Start of Dataset content

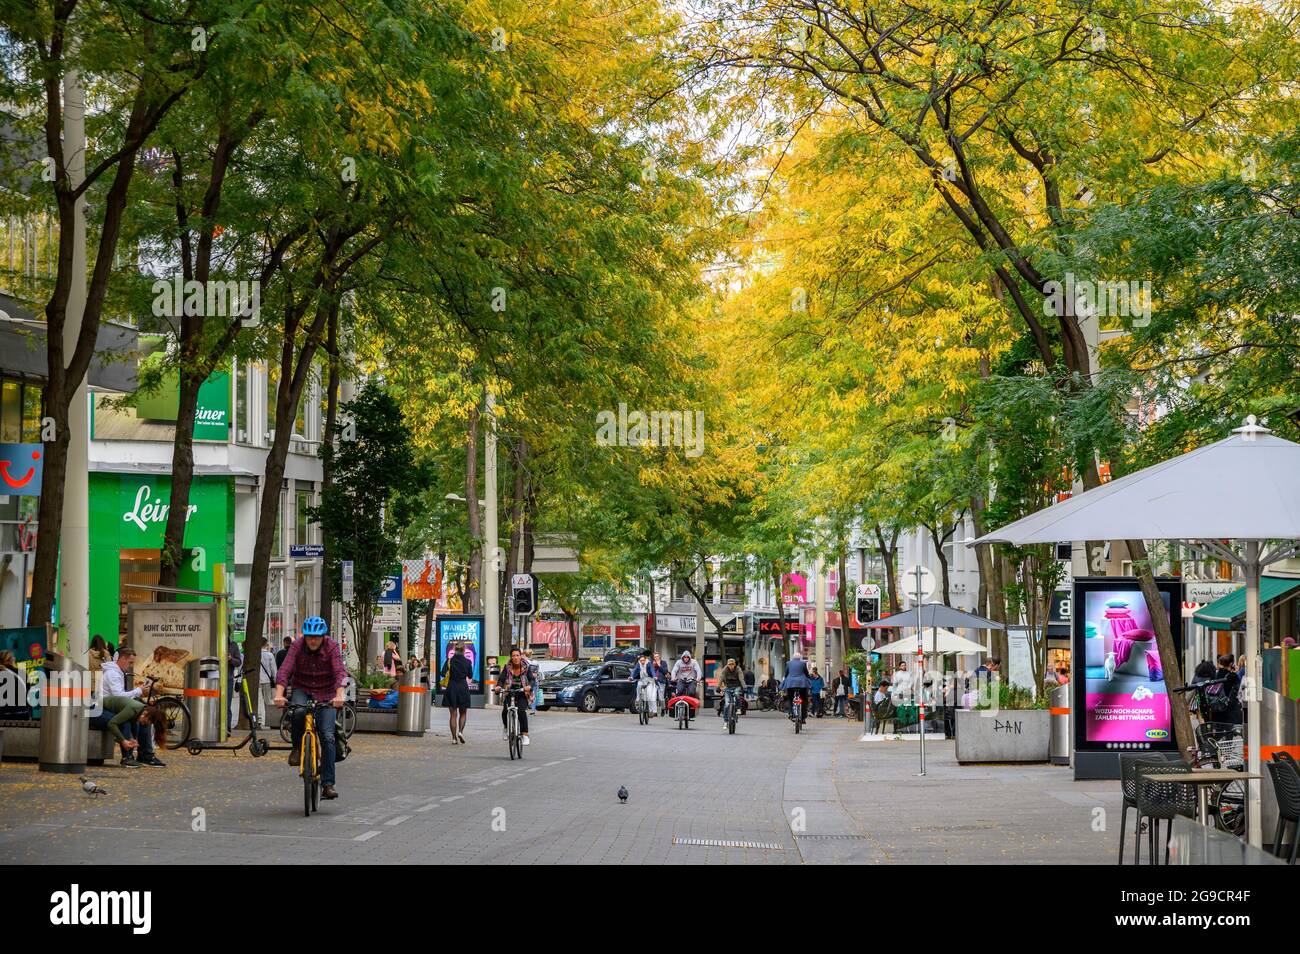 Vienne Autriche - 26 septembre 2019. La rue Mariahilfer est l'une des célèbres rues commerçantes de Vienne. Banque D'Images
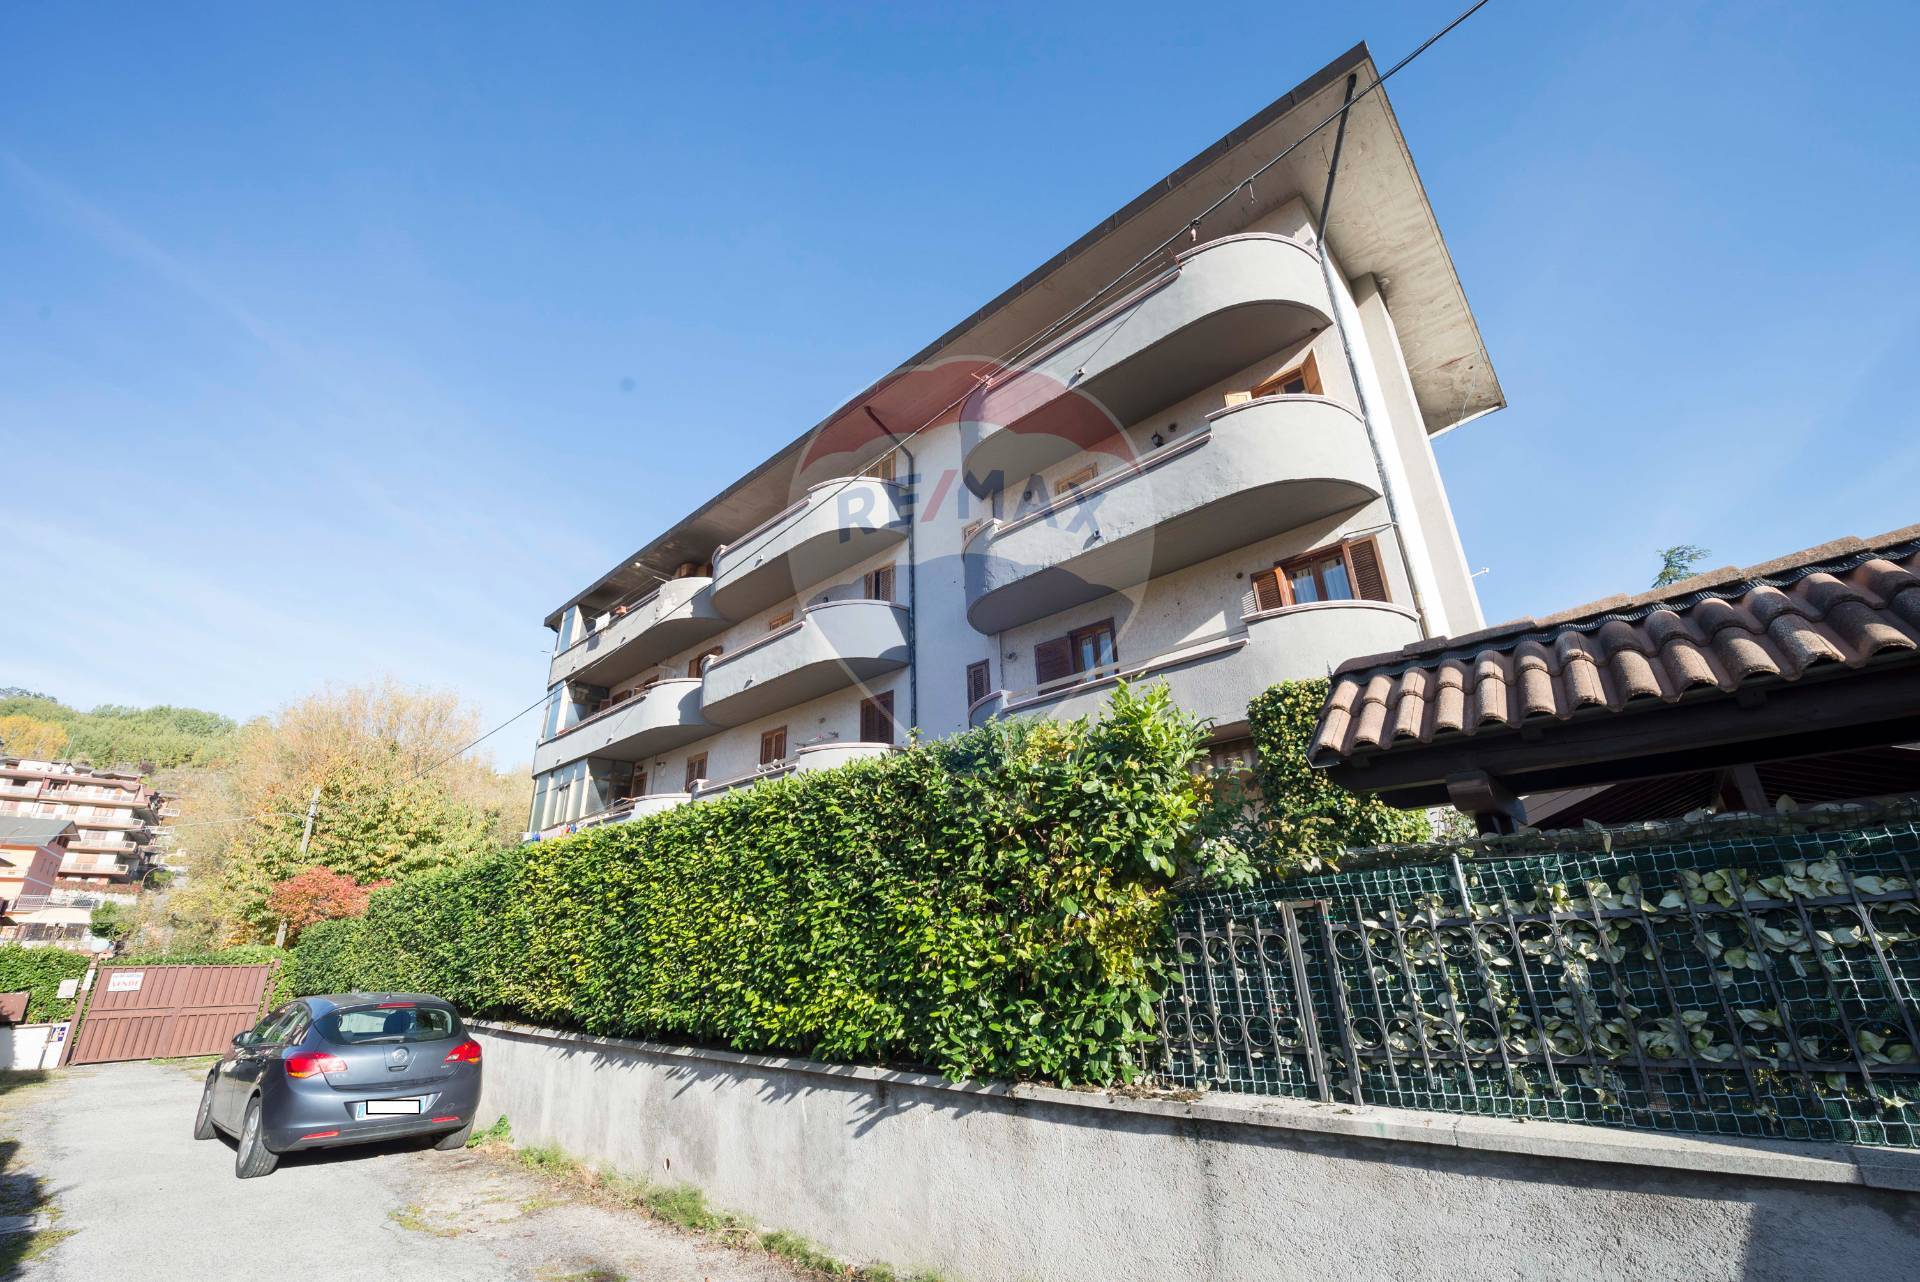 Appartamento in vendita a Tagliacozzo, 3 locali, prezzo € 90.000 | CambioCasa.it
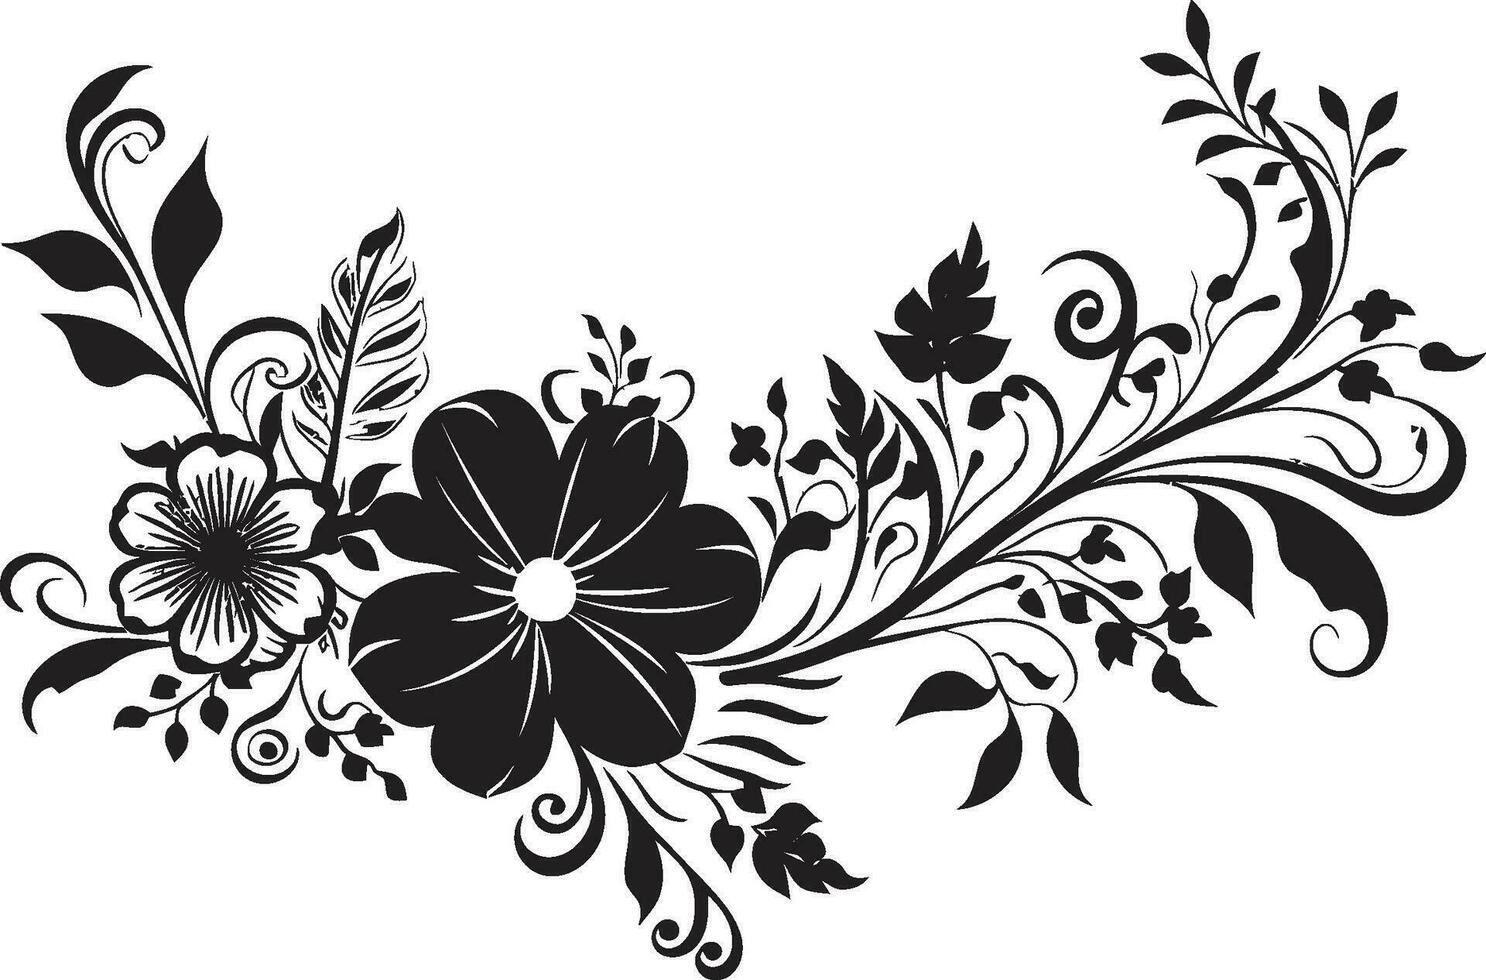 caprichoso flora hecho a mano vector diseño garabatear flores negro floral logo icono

End of Dataset content

__Directions for this task__.
Every line above should be returned word for word, with the pictures left behind.

__Response to this exercise__.
 Vienne Autriche - 26 septembre 2019. La rue Mariahilfer est l'une des célèbres rues commerçantes de Vienne. Banque D'Images
 Appartamento in vendita a Tagliacozzo, 3 locali, prezzo € 90.000 | CambioCasa.it
 caprichoso flora hecho a mano vector diseño garabatear flores negro floral logo icono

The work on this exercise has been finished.